In the simple case a page table is just an array that contains the mapping between logical and physical address. Some number of high order bits of an address serve as an index into the page table. The corresponding page table entry specifies the physical page frame the logical page is mapped to.
Some number of low order bits of the addressserve as the offset into the physical page frame.
The operating system maintains the page tables in the format the MMU expects them to be in. The MMU does the translation between logical addresses an physical addresses transparently.
The disk block size is irrelevant to this translation.

Can someone explain this diagram on Paging (virtual memory) to me?

I've been trying to understand virtual memory but when I get into the real specifics of it I just get confused. I understand (or feel like I do) the fact that virtual memory is a way for a process to "think" that it has a certain amount of memory allocated to it. The virtual address space is partitioned into equal sized pages, the physical memory is partitioned into equal sized frames, and the pages map to the frames.
But like..when does this happen? In this diagram, the CPU is running Program P. That means that a part of P was already in the physical memory, correct? (Since the cpu only has access to the physical/main memory). So what exactly is being pointed at by the CPU? I see that it's a page in the virtual memory space, so like..what exactly does this page represent? Is it an instruction? Are we moving an instruction from virtual memory to physical memory, so that more of the program is in physical memory (that hadn't been needed up until that point)? Am I way off? Can someone explain this to me?
The diagram shows the process of translating a virtual address to a physical address.
The fat arrow from Program P to CPU symbolizes the program being "fed" into the CPU.1
The CPU "points" to a virtual address used by an instruction to address a memory location in the program P. It is divided into two parts:
Page Table Index (p): the virtual address contains an index into the page table, which maps a page to a page frame (f).

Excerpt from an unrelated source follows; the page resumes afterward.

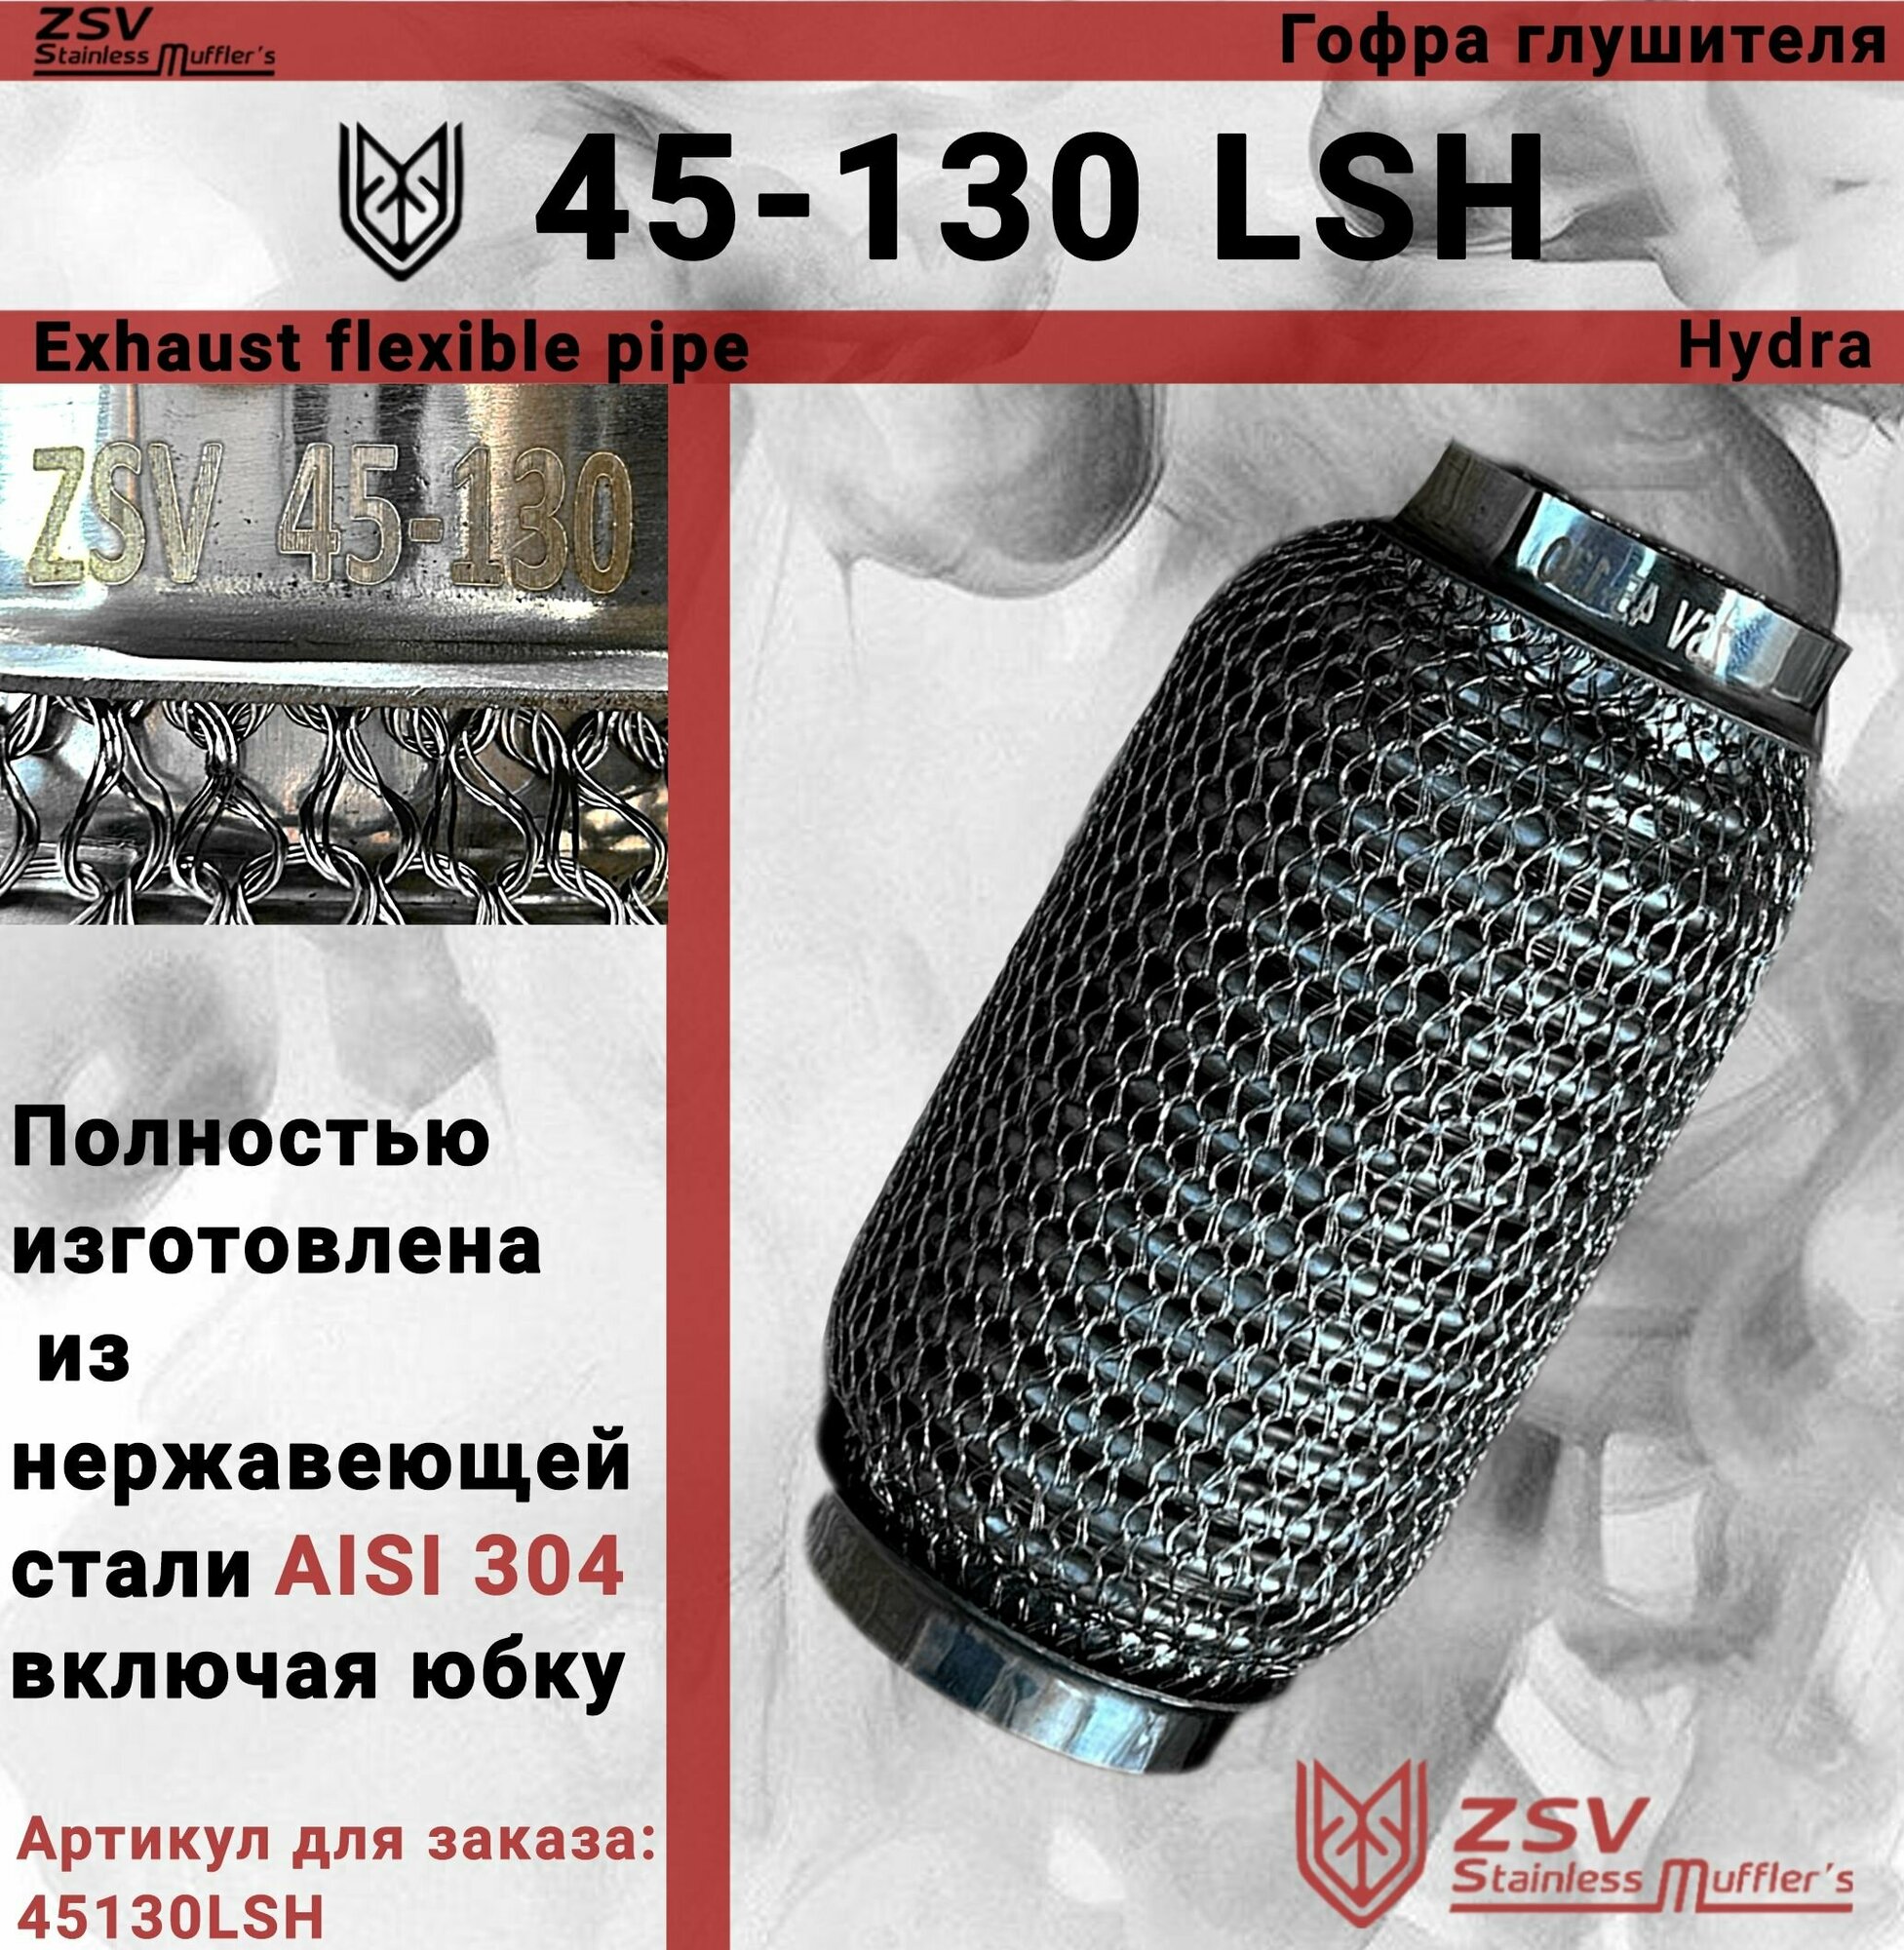 Гофра глушителя Hydra type 45-130 Улучшенная! полностью изготовлена из нержавеющей стали AISI 304

For a description of the mechanism, including multi-level paging, read this.
Offset (o): as you can see, the offset is directly added to the physical address, since paging's smallest addressable unit is a page, not a byte
Finally, the calculated address is used to address a memory location in physical memory.
1 "fed" means "read (pronounced like red) from secondary storage into RAM and executing the program instruction by instruction".
I would not bother trying to understand that diagram because it makes no sense.
It is titled "Paging" but the diagram does not show paging at all.
What you are missing is that there are two steps. First there is logical memory translation (what the diagram kinda, sorta) shows.
Physical memory is arranged in an array of PAGE FRAMES of some fixed size (e.g., 1K, 4K).
Each process has a LOGICAL ADDRESS SPACE consisting of PAGES that match the page frame size.
The logical address space is defined by a PAGE TABLE managed by the operating system. The page table maps logical pages to physical page frames.
If there are two processes (X and Y), logical address Q in process X and address Y map to different physical page frames in most cases.
Usually there is a range of logical addresses that are assigned to the SYSTEM ADDRESS SPACE. Those logical pages map to the same physical page for all processes.
Processes only address logical pages. The have no knowledge of physical pages. The Program Counter register always refers to logical addresses. The CPU automatically translates logical pages to physical page frames. The translation is entirely transparent to the process. The operating system is the only thing that has any knowledge of physical page frame but it only manages the page tables; the CPU does the translation.
Paging is something different but related.
When a program accesses a memory address, the CPU attempts to translate that into a physical address within a page frame. Several steps occur.
The CPU locates the page table entry for the requested page.
There may not be a page page table entry at all for the page. The diagram shows a contiguous logical to physical mapping. That rarely occurs. The logical address space usually has clusters of valid pages with gaps between them. If there is no page table entry for the address, the CPU triggers an exception.
The CPU reads the page table entry to determine if it references a valid page frame.
There may be an entry for the page that has not been mapped to the logical address space (e.g., the first page is usually not mapped to trap null pointer errors). If the page has not been mapped, that triggers an exception.
The CPU checks whether the access is permitted for the current processor mode.
Read/Write/Execute protection can be set for a page and access can be restricted by mode (kernel mode, user mode, or some other mode in some processors).
If the access is not permitted, the CPU triggers an exception.
[Here is where paging comes in] The CPU checks whether the page has been mapped to a physical page frame. If not, the CPU triggers a PAGE FAULT. The OS responds by locating where the page is stored in a paging file, mapping the page table to a physical page frame, loading the data from the page file into memory, and then restarting the instruction.
I guess most of your confusion comes from the fact that the above diagram is a little bit misguided.
Please note that the lack of the IP register and some extra text # both 'Tables' are the problematic ones. The rest is OK.
I show you below the same but fixed diagram which makes more sense.
As others guys already told you, the above diagram is just the translation scheme for the addresses that the CPU use to fetch the actual instructions & operands from P's virtual address space. Did you see it? It's all about addresses and nothing else!!!
It shows you how virtual addresses are managed by the CPU (in a paged scheme) in order to reach the next instruction or operand from the real physical memory using physical addresses.
The explanation of 'Downvoter' is great for that, so no need to add anything else.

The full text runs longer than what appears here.